UAMS Doctor Receives VA Merit Award to Address Overprescribing of Thyroid Medication
| UAMS’ Spyridoula Maraka, M.D., has been awarded a Veterans Affairs (VA) Merit Award of $830,000 over four years to address the widespread overprescribing of levothyroxine (LT4), one of the most prescribed drugs in the United States.
LT4 is used to treat hypothyroidism, a condition where the thyroid produces too few hormones. However, many patients are prescribed LT4 based solely on a single abnormal test, even when thyroid function is normal, Maraka said, which can lead to unnecessary treatment and financial burden, disruptive lifestyle changes, cardiovascular risks and even death.

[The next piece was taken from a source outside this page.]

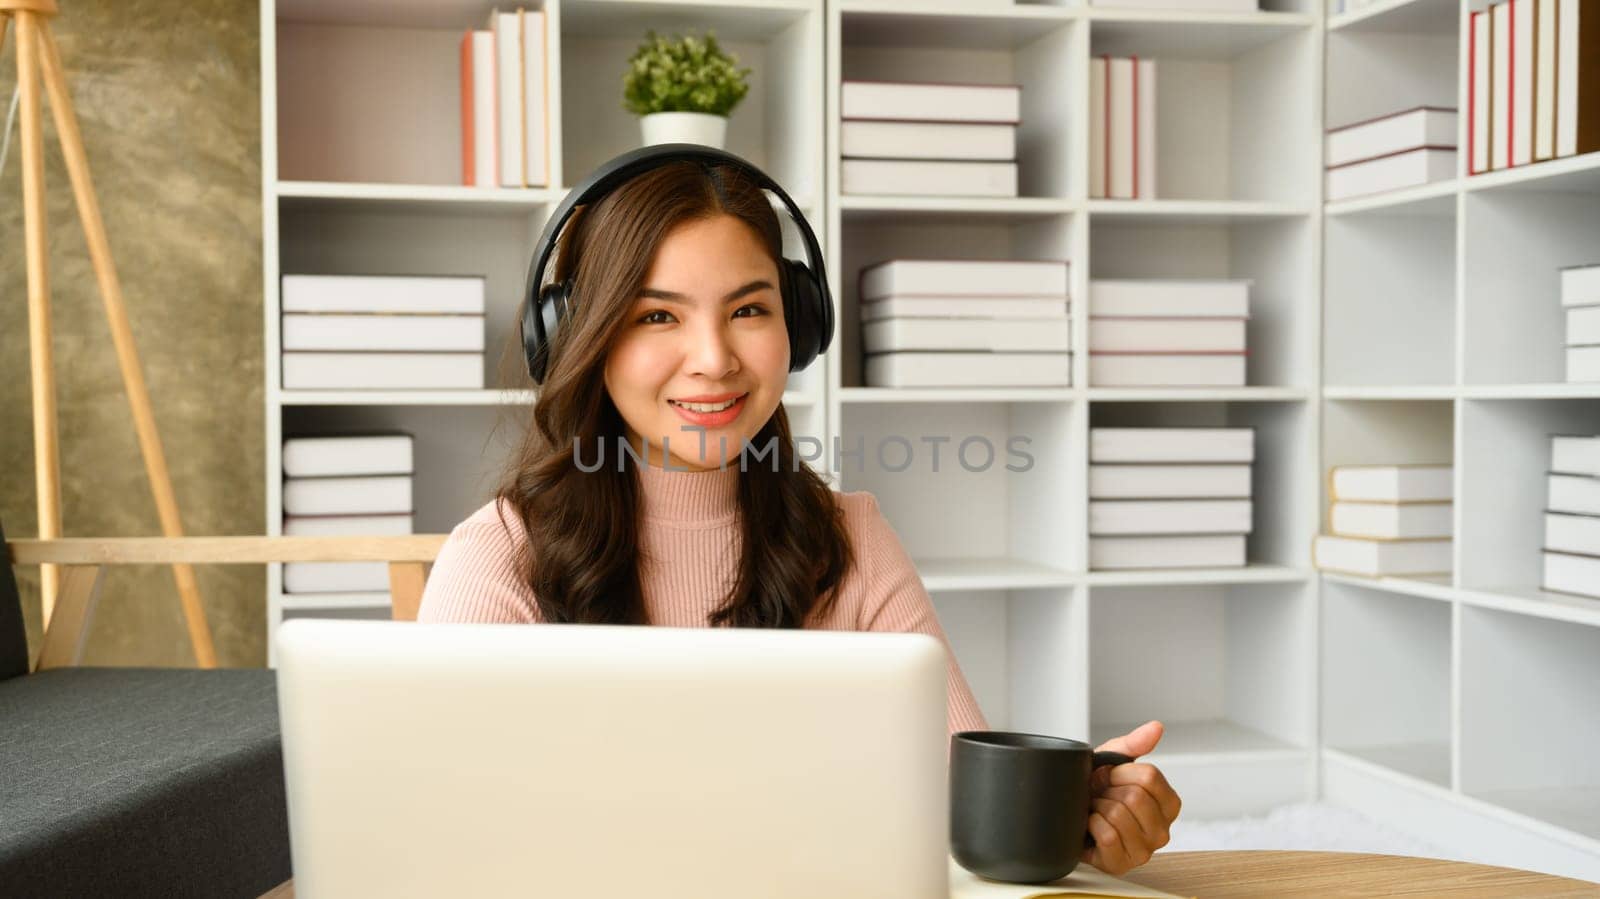 Attractive millennial woman in headphone communicating online or distantly working on laptop at home.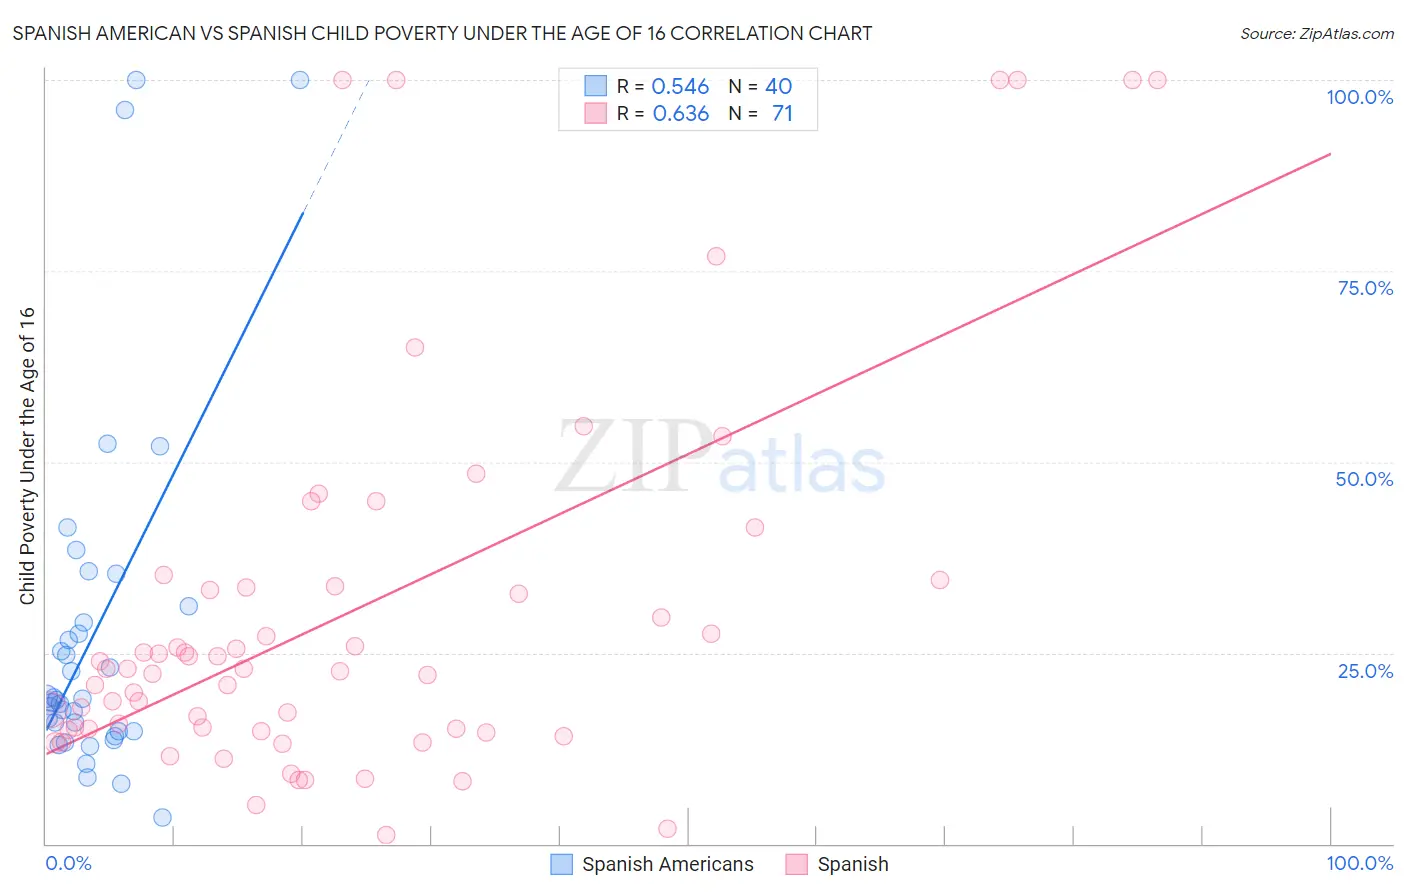 Spanish American vs Spanish Child Poverty Under the Age of 16

About 20 million people in the United States receive LT4. Among those starting LT4, about 31% have normal thyroid function, meaning LT4 should not have been prescribed, according to a 2021 article in the Journal of the American Medical Association Internal Medicine that Maraka co-authored.
“There is widespread, wasteful and harmful overprescribing of LT4,” said Maraka, an associate professor in the UAMS College of Medicine Division of Endocrinology and Metabolism and director of the Endocrinology Fellowship Program. She is also chief of the Section of Endocrinology at the Central Arkansas Veterans Healthcare System (CAVHS).
Maraka’s project, “Minimizing Levothyroxine Overuse,” will use machine learning to determine the factors driving LT4 overuse and develop evidence-based prescribing strategies.
“Our preliminary data show that a lack of informed discussion between patients and their doctors and gaps in doctors’ knowledge of guidelines are a big factor,” Maraka said.
Using machine-learning methods, her team will be able to identify clusters of risk factors that traditional analyses might miss.
“With conventional statistical methods it may be very hard to figure out who is at risk for levothyroxine overuse,” Maraka said. “With machine learning, we can see through the data and identify subgroups of patients who are more at risk for levothyroxine overuse. Having this important information should allow us to tailor our prescribing strategies towards those groups.”
For example, she said, machine learning can identify multiple factors, such as the combination of gender, race and tobacco use, as a key driver of LT4 overuse.
Maraka gathered the preliminary data for the VA Merit Award application as a recent participant in the UAMS Translational Research Institute’s two-year Implementation Science Scholar Program. She also used her time in the program to get buy-in from clinicians and leaders at CAVHS, where her project will be focused.
“I’m excited to work directly with patients and clinicians on this project,” she said. “This work will enhance clinical decision-making and bridge the gap between guidelines and practice.”
She credits her CAVHS research team and the implementation science training for equipping her with the tools to translate research into actionable solutions.
“I believe I received a strong foundation in implementation science,” she said. “It has helped me develop a solid research approach and a well thought out strategy. I wouldn’t have received this grant if I didn’t have a good understanding of implementation science or the frameworks of how we do this research.”